An Overview of Kernel Lock Improvements [pdf]

xroche · on Sept 2, 2014

Note: for those interested, MCS locks and qspinlocks are discussed in this fine article: http://lwn.net/Articles/590243/

MoOmer · on Sept 2, 2014

This is great; I'm still reading through, but, I had no idea that the performance drop was that steep!

jebblue · on Sept 2, 2014

Do you mean the drop they later used to analyze cache line coherency when adding cores? They improved this if I understood the latter results correctly.

fmstephe · on Sept 2, 2014

Can anyone explain the use of 'round-robin' to describe mulit-node scenarios and 'fill-first' for single node scenarios. I initially assumed they were describing thread schedulers, but that doesn't make clear sense in these tests.
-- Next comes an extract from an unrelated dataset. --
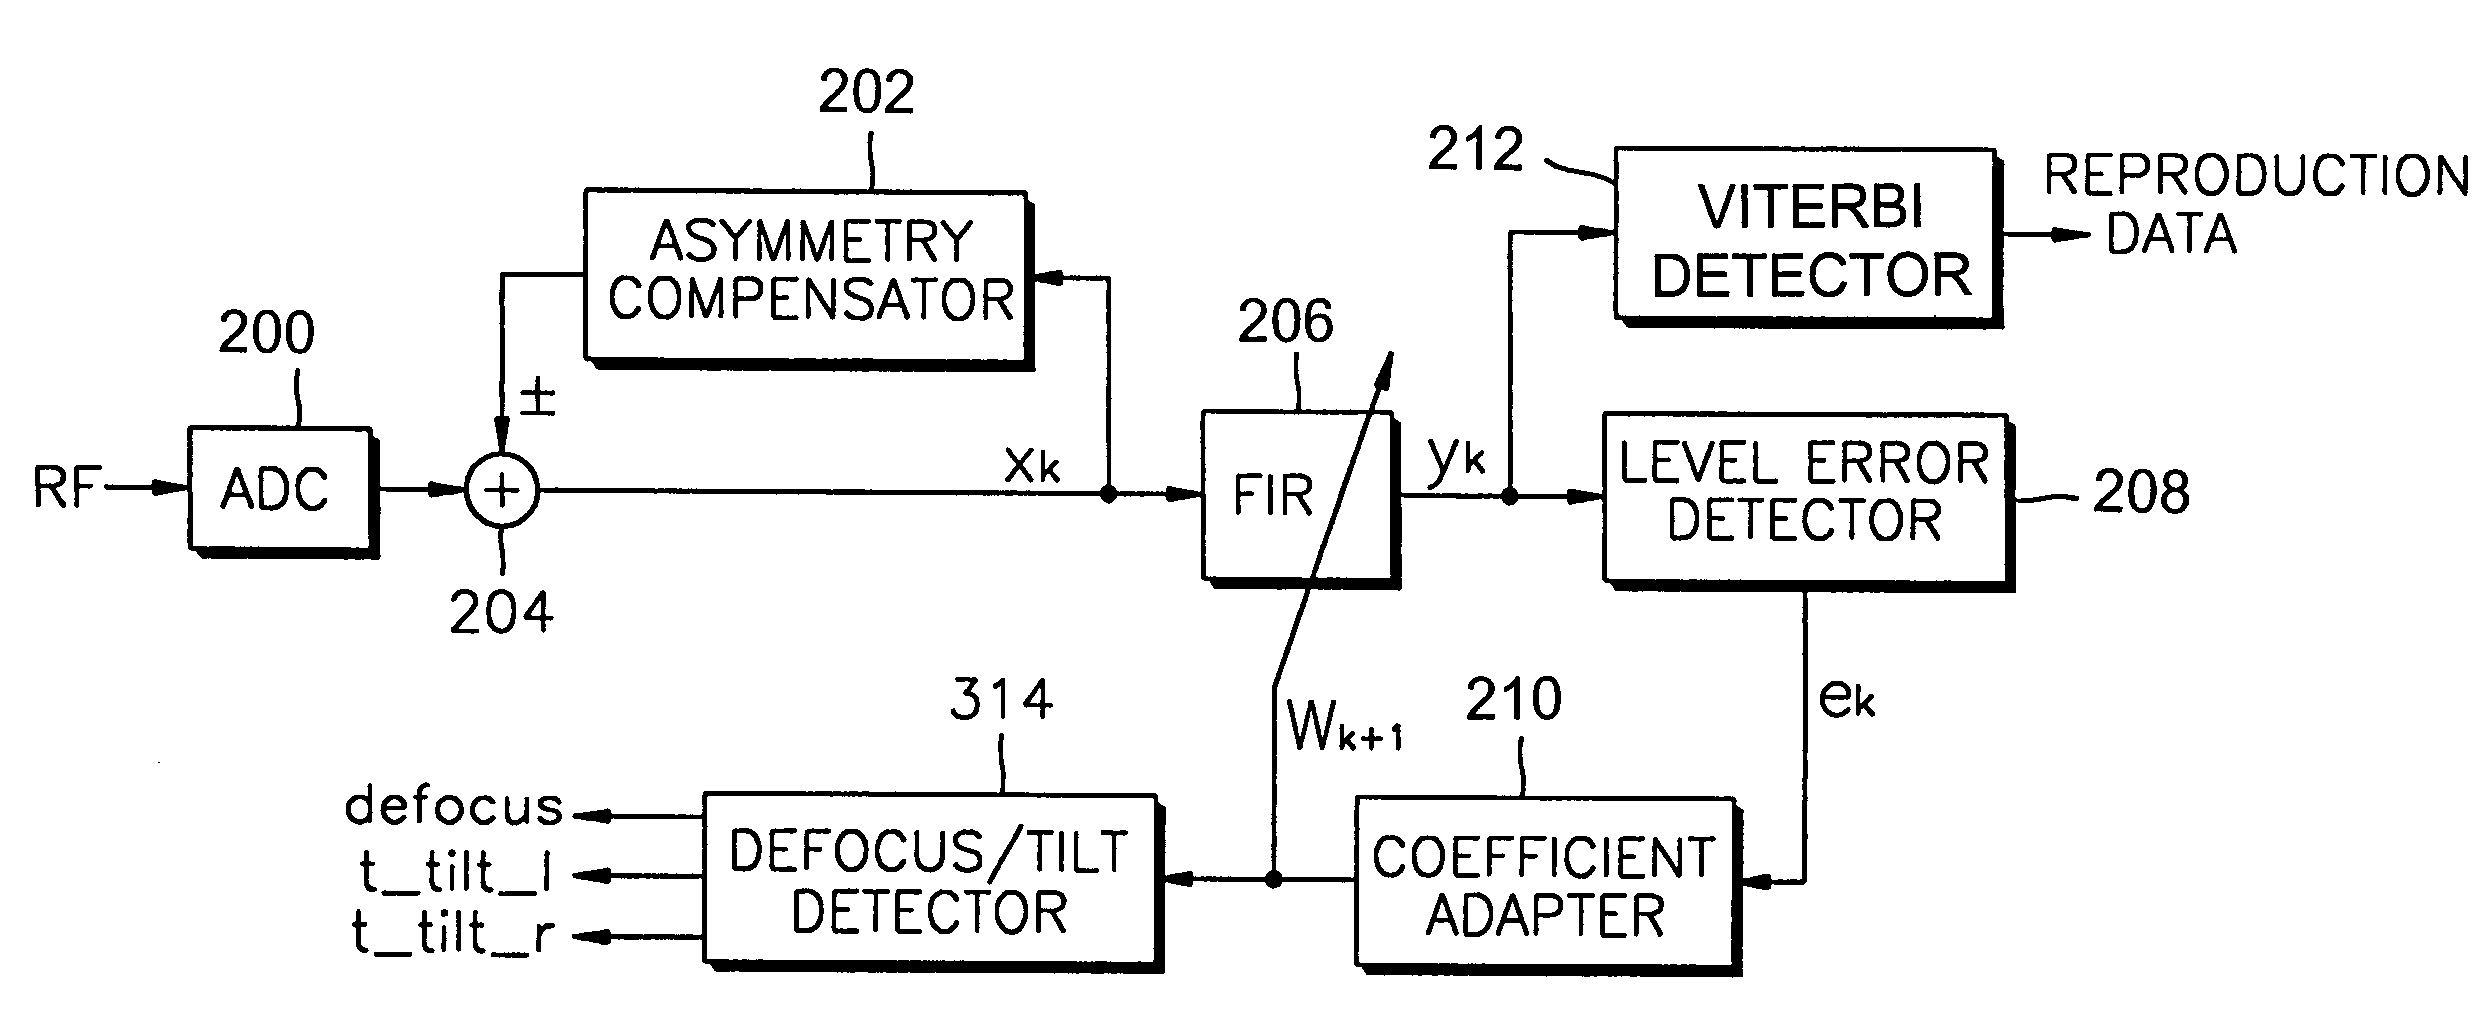 Data reproduction apparatus and method with improved performance by adjusting filter coefficients of equalizer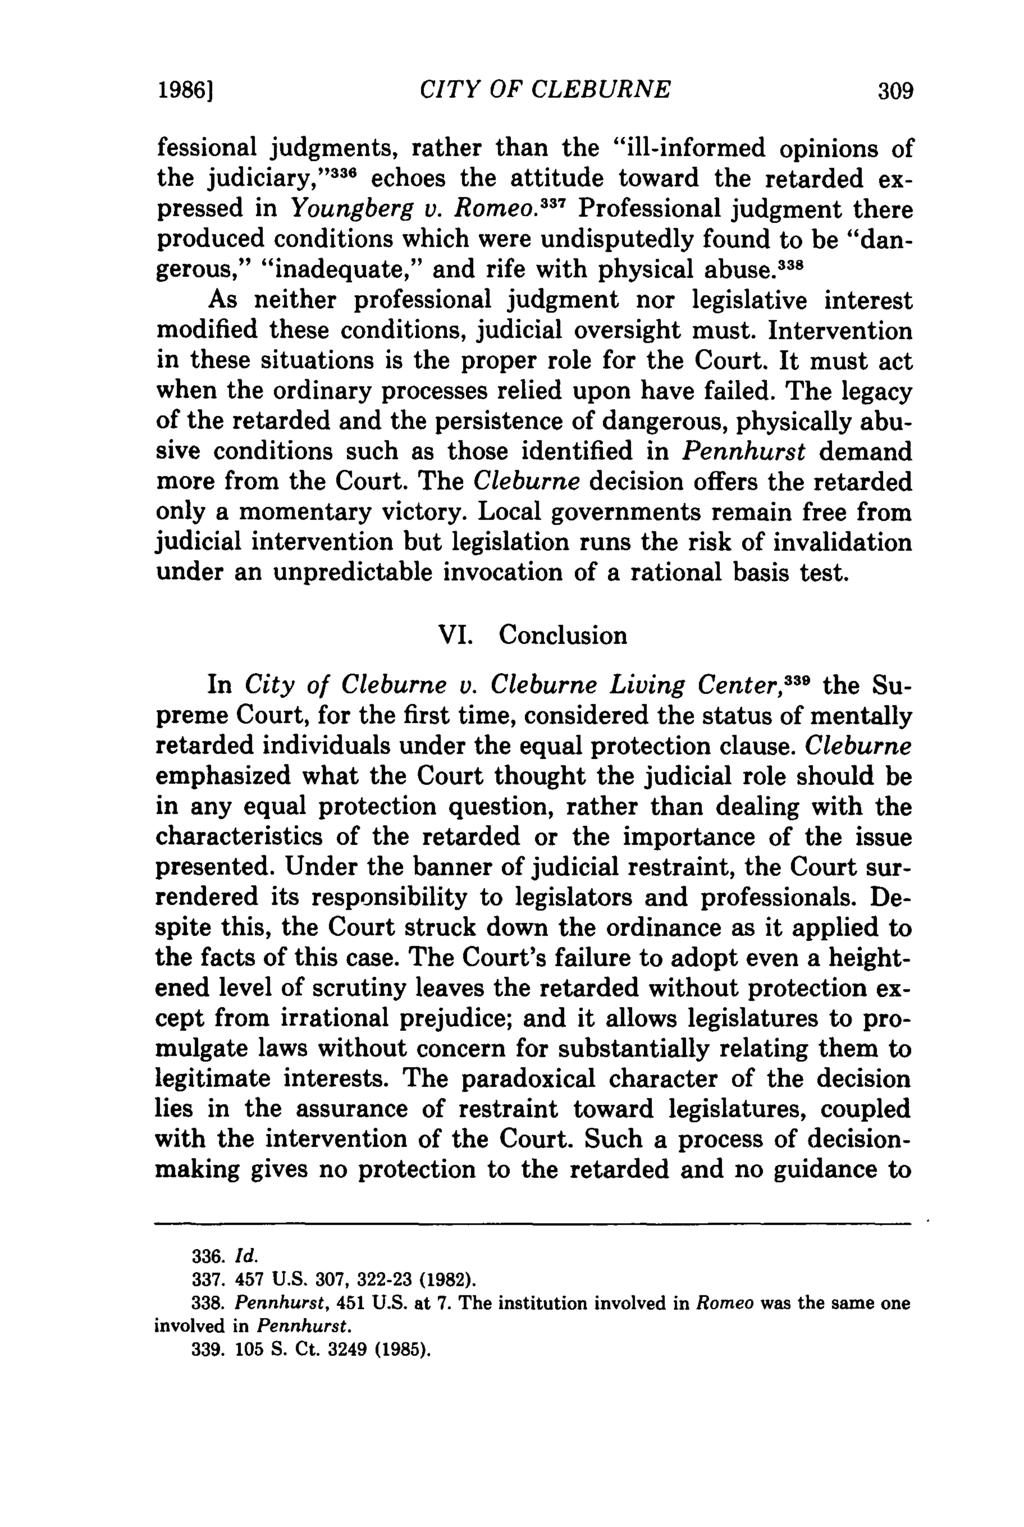 1986] CITY OF CLEBURNE fessional judgments, rather than the "ill-informed opinions of the judiciary, ' '336 echoes the attitude toward the retarded expressed in Youngberg v. Romeo.

Thanks in advance.

readerrrr · on Sept 2, 2014

This is the key: each locker spins on local memory rather than the lock word at page 63.

yxhuvud · on Sept 2, 2014

It would be interesting to see the same benchmarks for more normal amounts of cores. Most system does not have 240 cores, after all..

ck2 · on Sept 2, 2014

You can get 20core/40thread servers for $400/mo these days:

http://www.ovh.com/us/dedicated-servers/enterprise/2014-MG-2...

or 16core/32thread for $270

http://www.ovh.com/us/dedicated-servers/enterprise/2014-MG-1...

So double socket performance drop is a realistic concern.

readerrrr · on Sept 2, 2014

The latest Intel hi-end desktop cpu has 8 cores. With hyper-threading; which makes 16 threads.

I think in the next 10 years we will reach a number that is close.

MaxBarraclough · on Sept 2, 2014

If you count Xeon Phi, Intel are already up to 61.

http://ark.intel.com/products/family/71840/Intel-Xeon-Phi-Co...

davidlohr · on Sept 2, 2014

Most of these optimizations imply scaling by number of cores. Thus the more cores (and thus sockets/NUMA nodes), the more the benefit. Desktop-ish systems with ~4 cores don't see much gain, but nor did we introduce performance degradations.

molixiaoge · on Sept 2, 2014

great